Data were retrieved from LQTS probands (the first to be identified in a family) registered with the Cardiac Inherited Diseases Registry in New Zealand. This consent-based voluntary patient and family registry permits the storage of detailed clinical and genetic information.9,–,11 Detailed review of the records from children with water-related syncope was undertaken, and who were subsequently proven to have LQTS. In particular, we report the exact mode of presentation, as reported by first-hand witness accounts, if there was any delay in the diagnosis being made, and the outcome for the proband and other family members. The corrected QT interval (QTc) reported is the maximal QT interval, measured in V5 and lead II, corrected for heart rate using the Bazett formula (QT interval divided by the square root of the preceding R-R interval).

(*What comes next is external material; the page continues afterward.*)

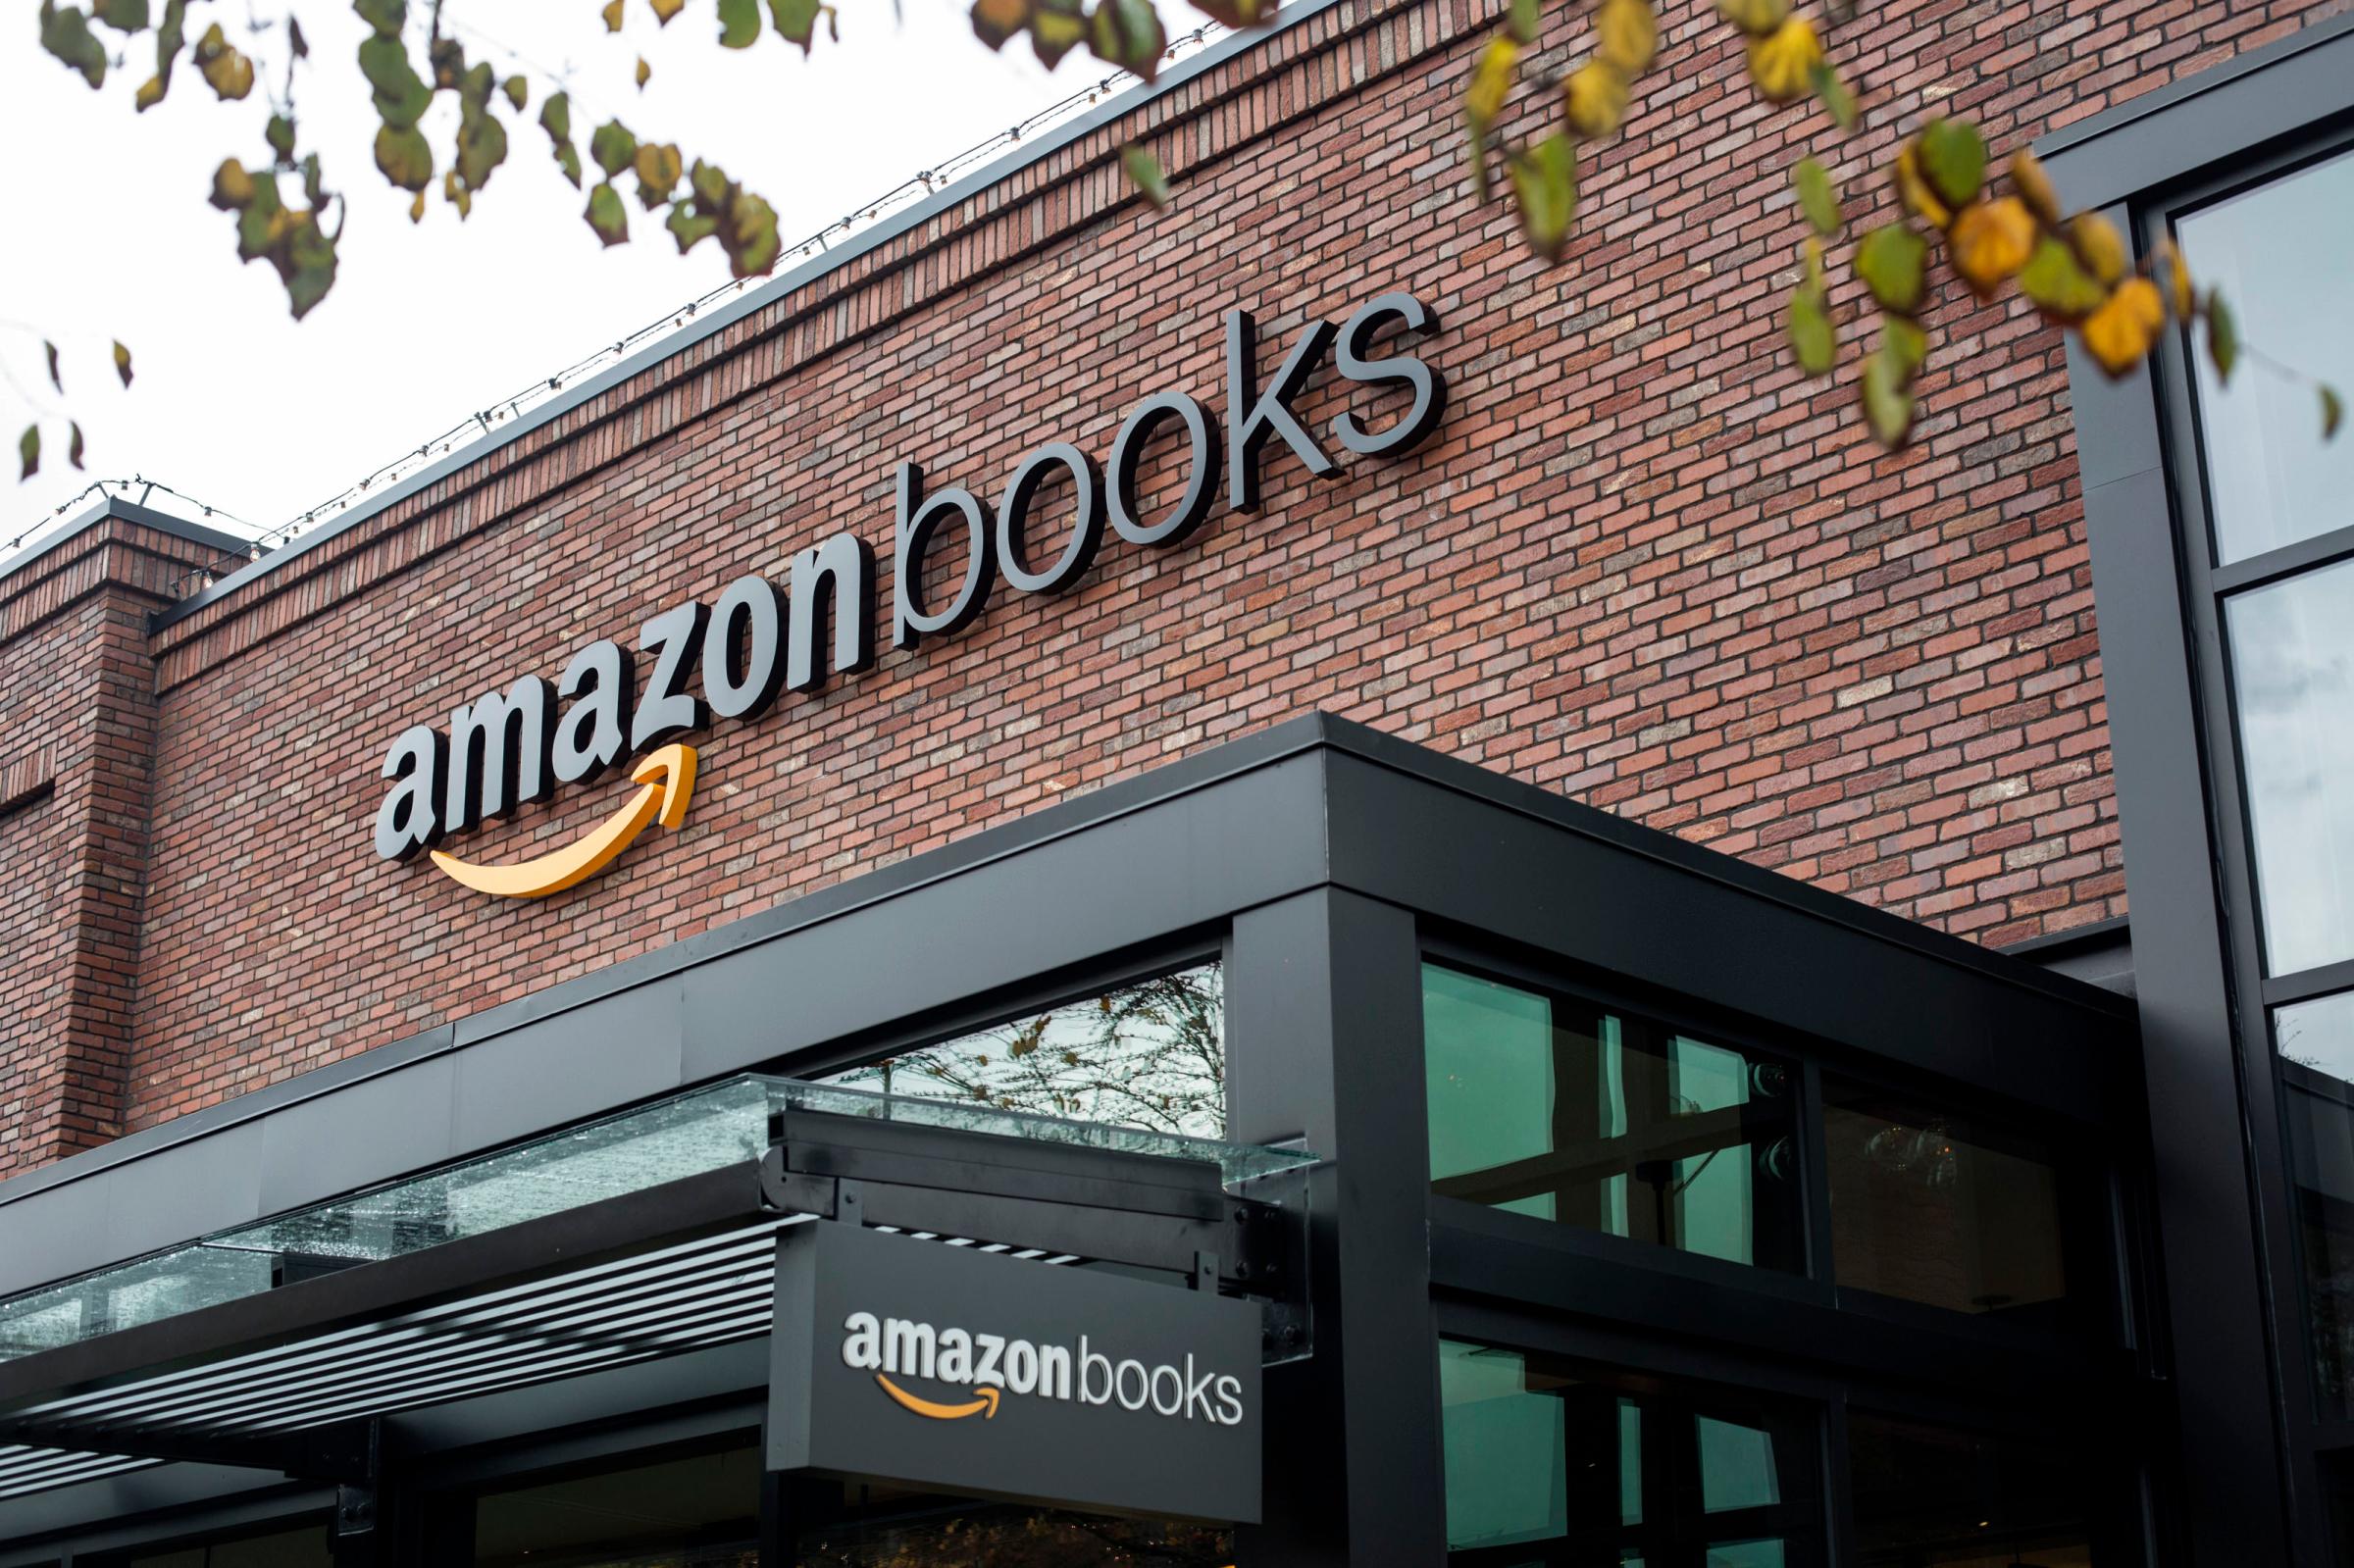 The exterior of Amazon Books is pictured in Seattle, Washington, on Tuesday, Nov. 3, 2015. The online retailer Amazon.com Inc. opened its first brick-and-mortar location in Seattle's upscale University Village mall. Photographer: David Ryder/Bloomberg
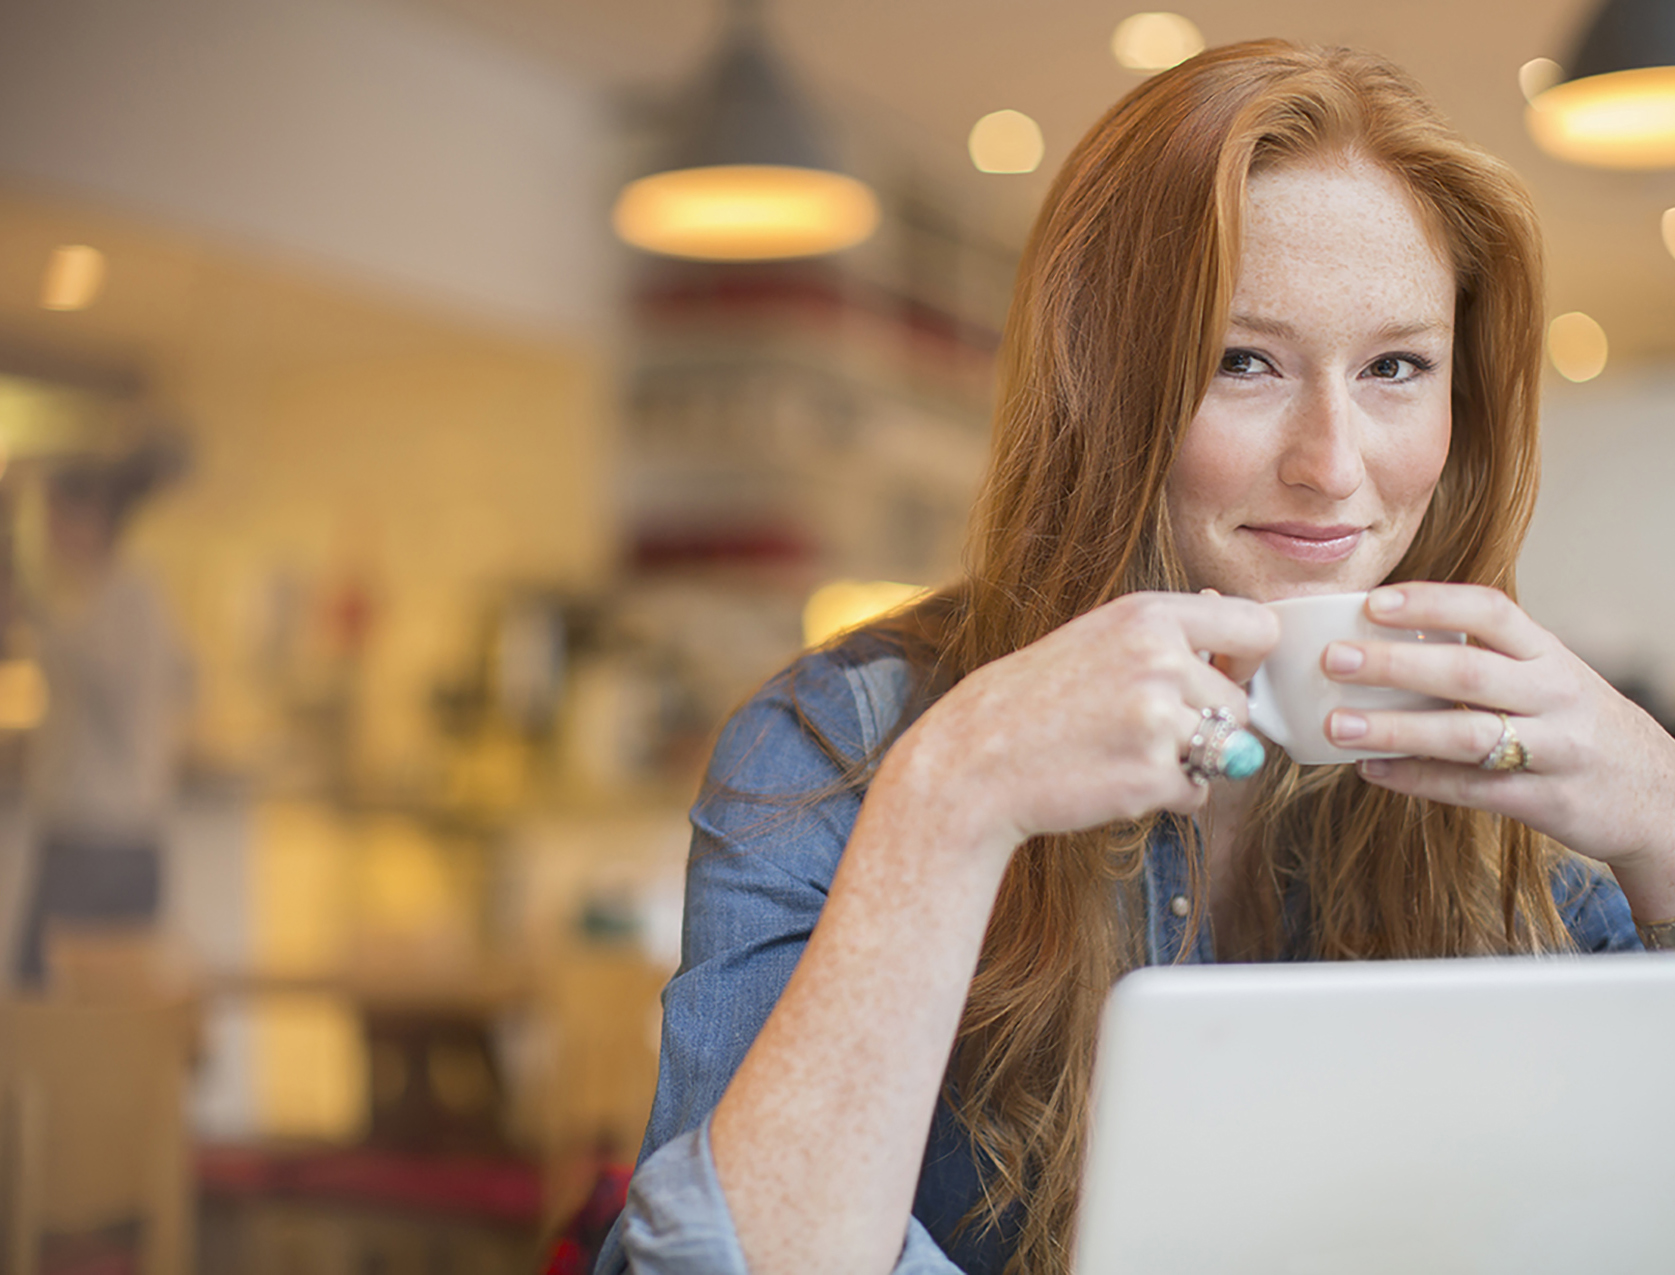 accountant works on laptop drinking coffee

Data from 10 genotyped LQTS subjects with a documented history of water-related syncope in childhood were retrieved. Nine had LQTS type 1 (KCNQ1), and in one case the genotype could not be identified (see table 1). The male:female ratio was 1:1. The age of the subject at the time of the water-related event ranged from 3 to 13 years. The water-related event led to a diagnosis in six subjects, but three subjects were diagnosed 1–17 years later due to another subsequent event, one of which was fatal. Initial QTc ranged from 450 ms to 600 ms. Minimal QTc on follow-up ranged from 340 ms to 460 ms. All subjects were started on β-blocker medication, three also had an intracardiac defibrillator (ICD) inserted, two of whom have also had left cardiac sympathectomy. The probands were subsequently found to have between two and seven affected family members each, through family screening. In the family of one subject (case number 7), one parent was gene negative and the other declined testing.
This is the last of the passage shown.